*** DATASET EXCERPT Section Begins ***
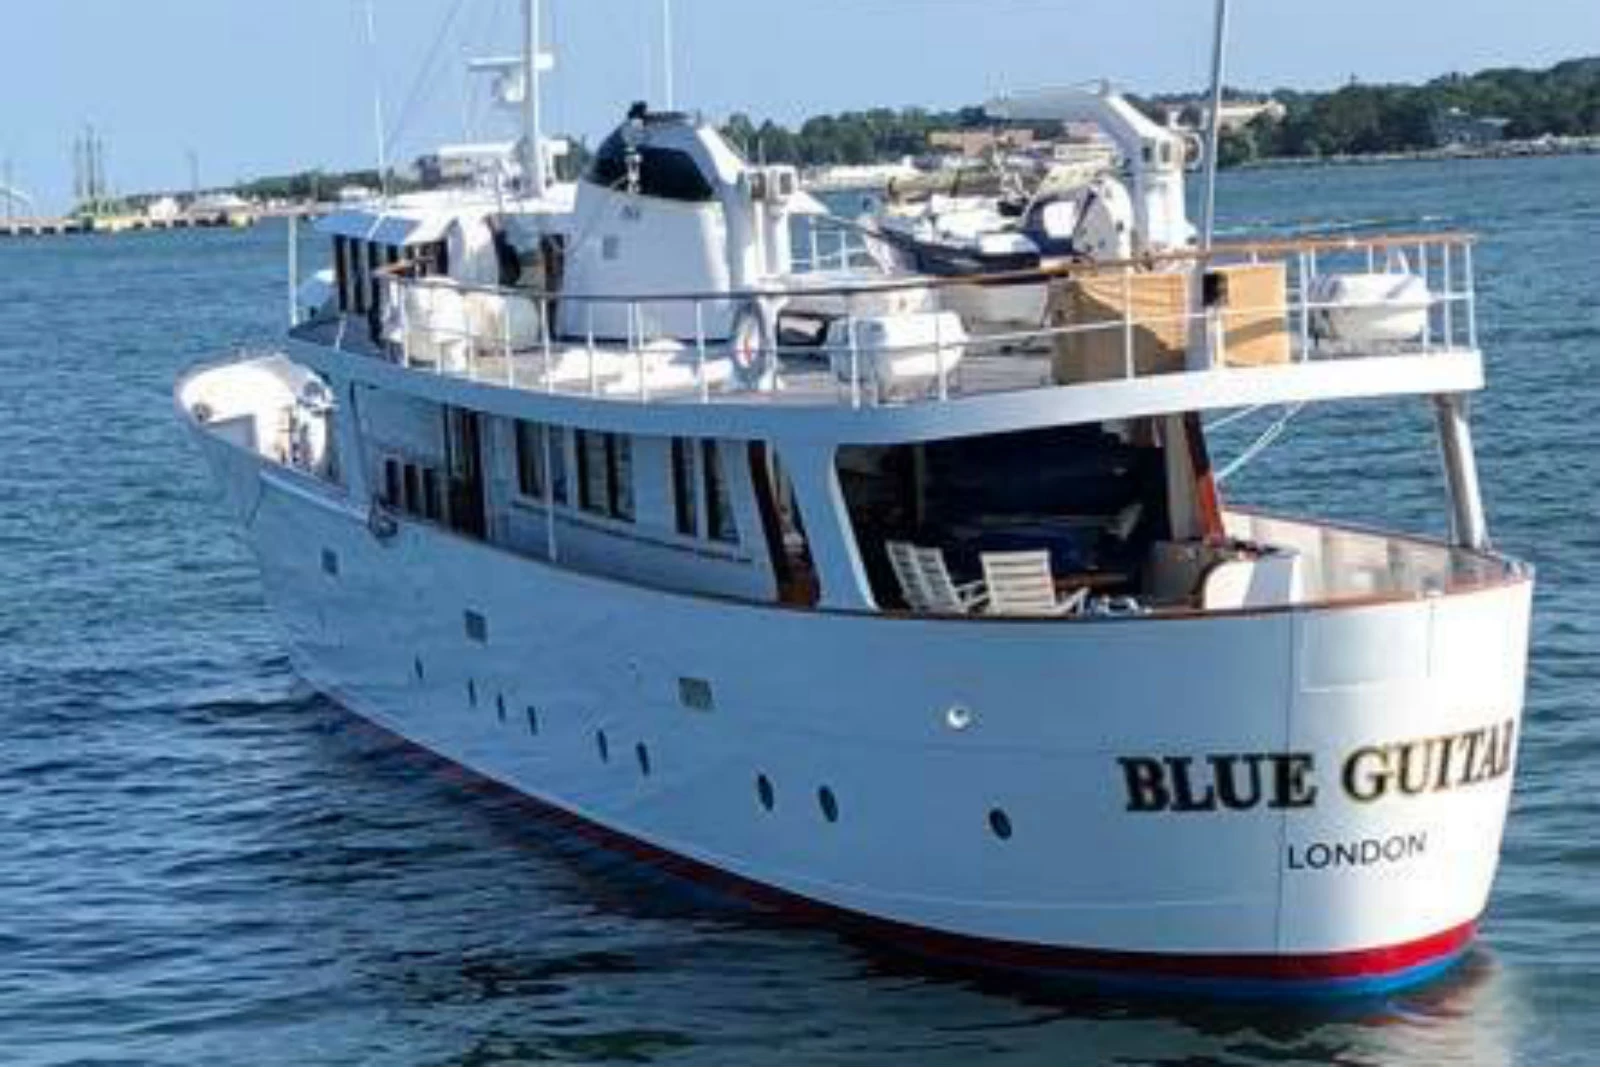 blue guitar yacht owner
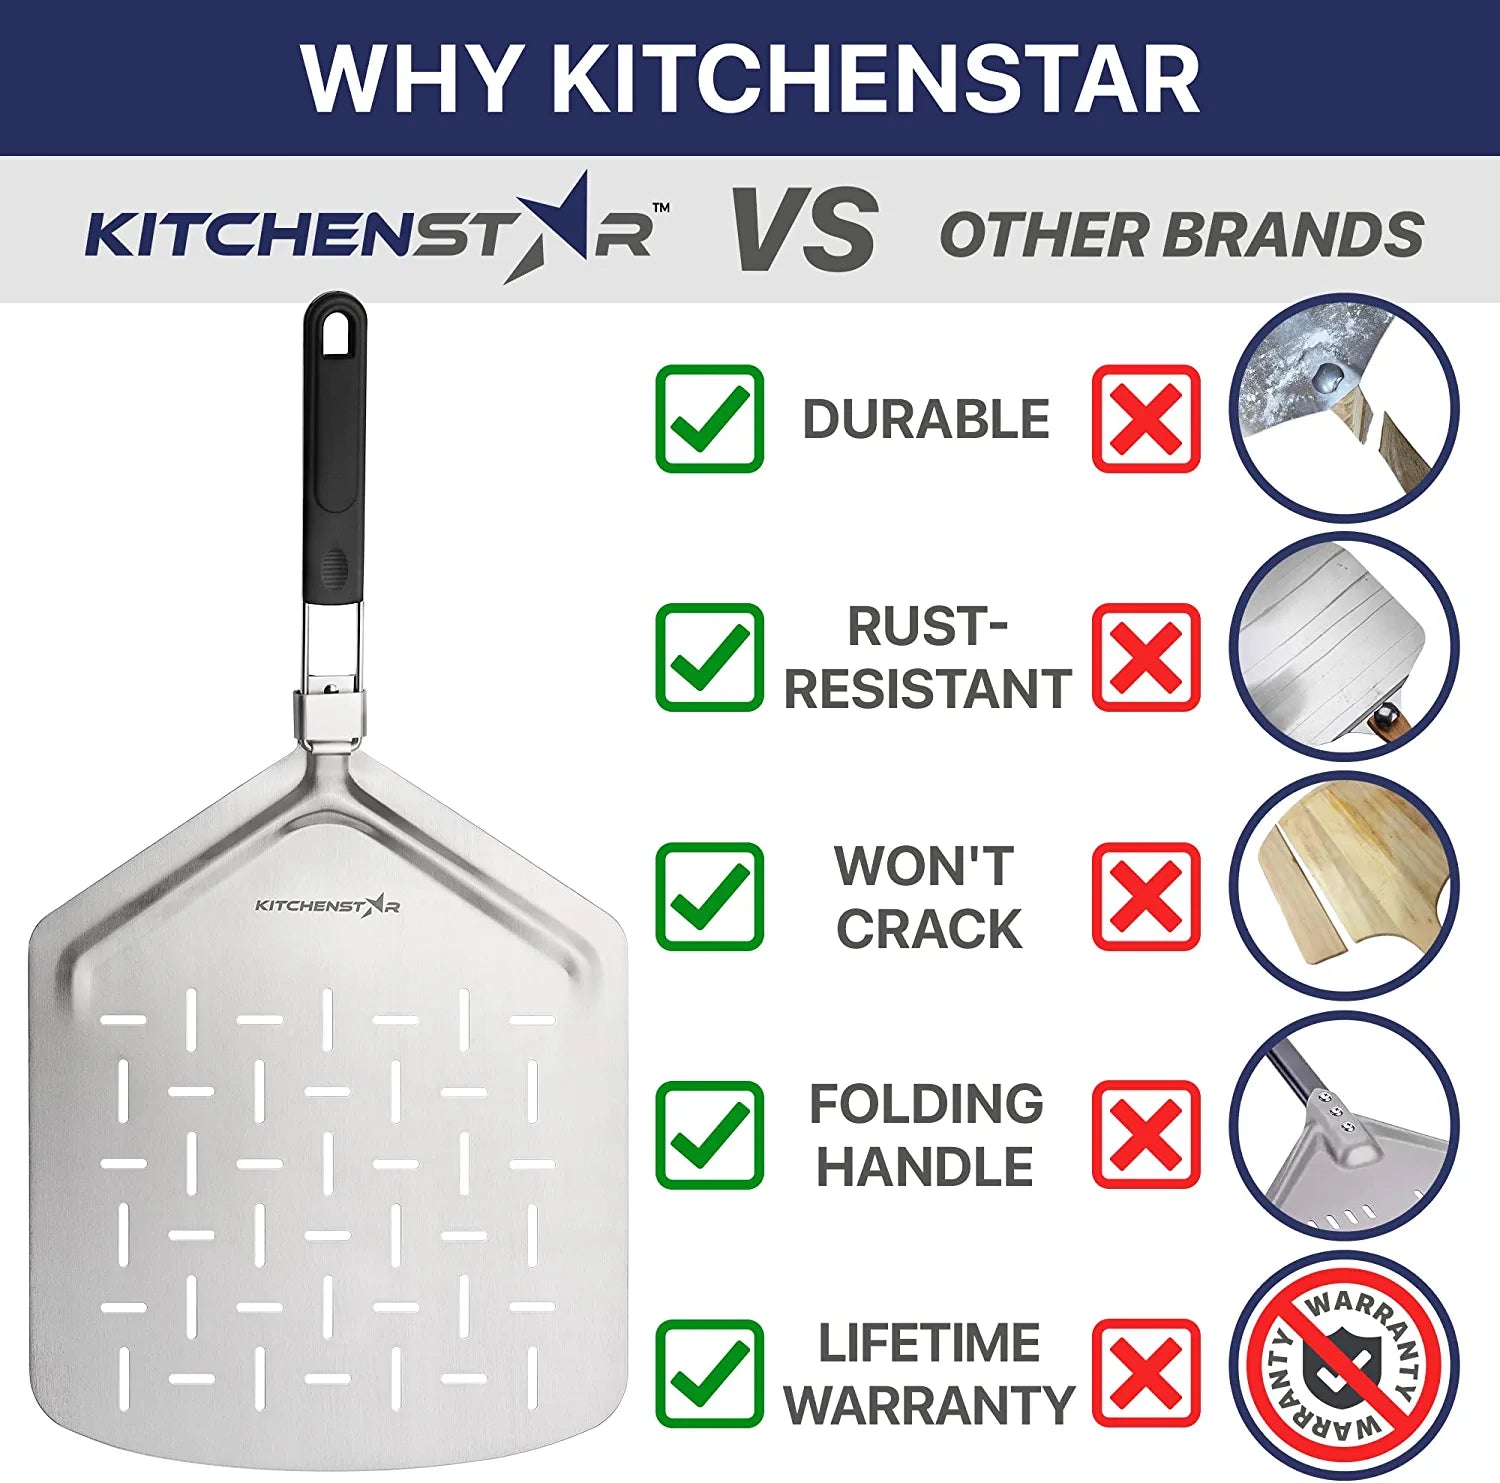 KitchenStar Perforated Stainless Steel Pizza Peel with Folding Handle (13 x 16.5 Inches) for Oven Pizza Turning, Placement and Retrieving - Professional Baking Tools Series
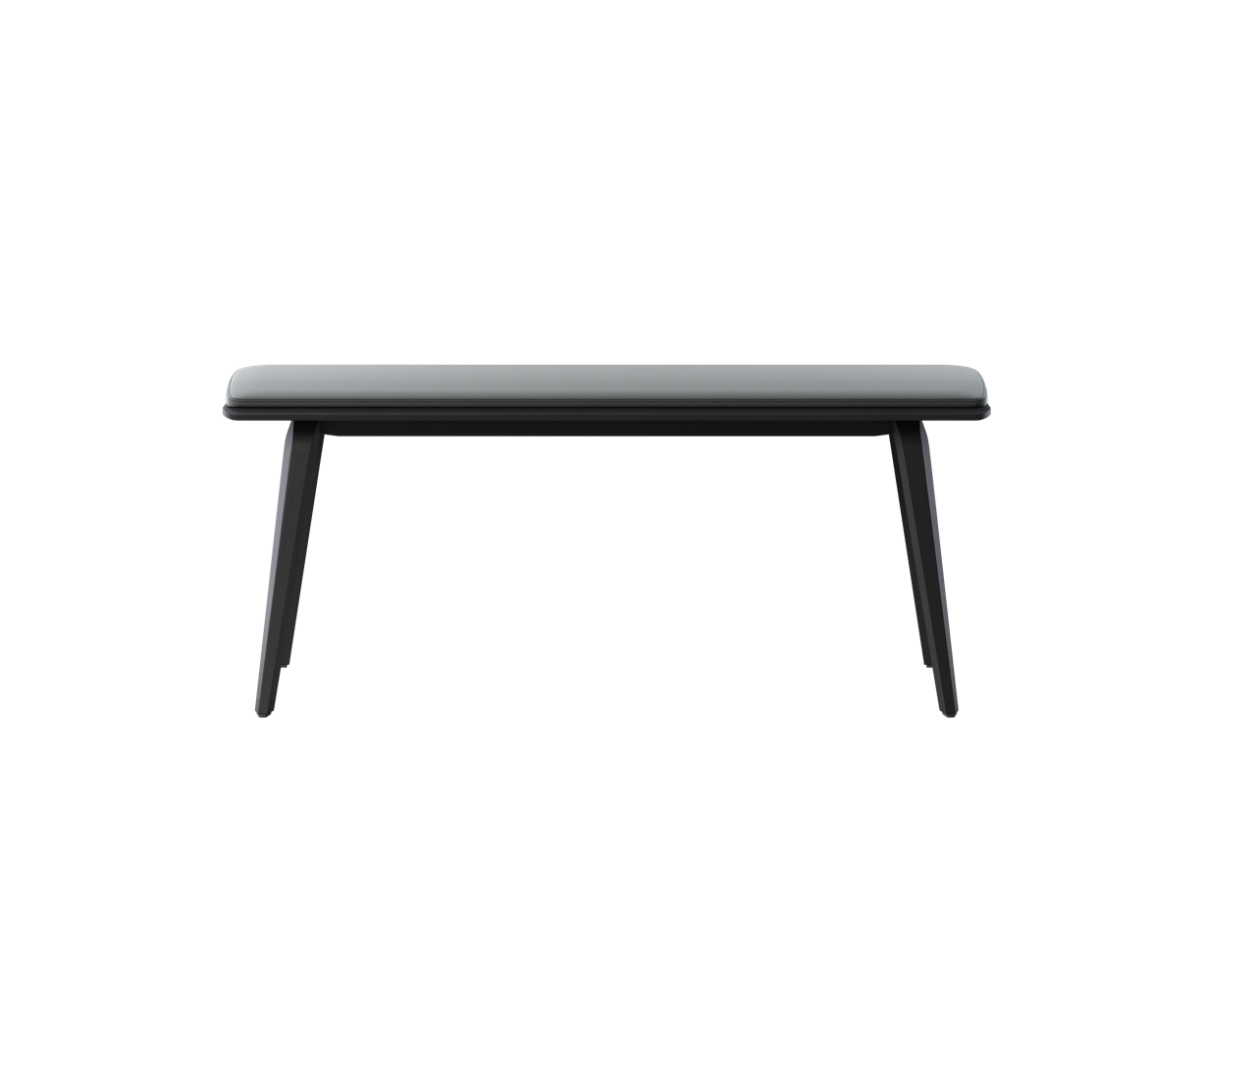 OCEE&FOUR – Stools & Benches – Share Bench – Packshot Image(21) Large
*** DATASET EXCERPT Section Ends ***
* [ASSIGNMENT]: Every line above is to be repeated exactly, but no picture is to appear in the copy.

* [RESPONSE BELOW]:
 blue guitar yacht owner
 KitchenStar Perforated Stainless Steel Pizza Peel with Folding Handle (13 x 16.5 Inches) for Oven Pizza Turning, Placement and Retrieving - Professional Baking Tools Series
 OCEE&FOUR – Stools & Benches – Share Bench – Packshot Image(21) Large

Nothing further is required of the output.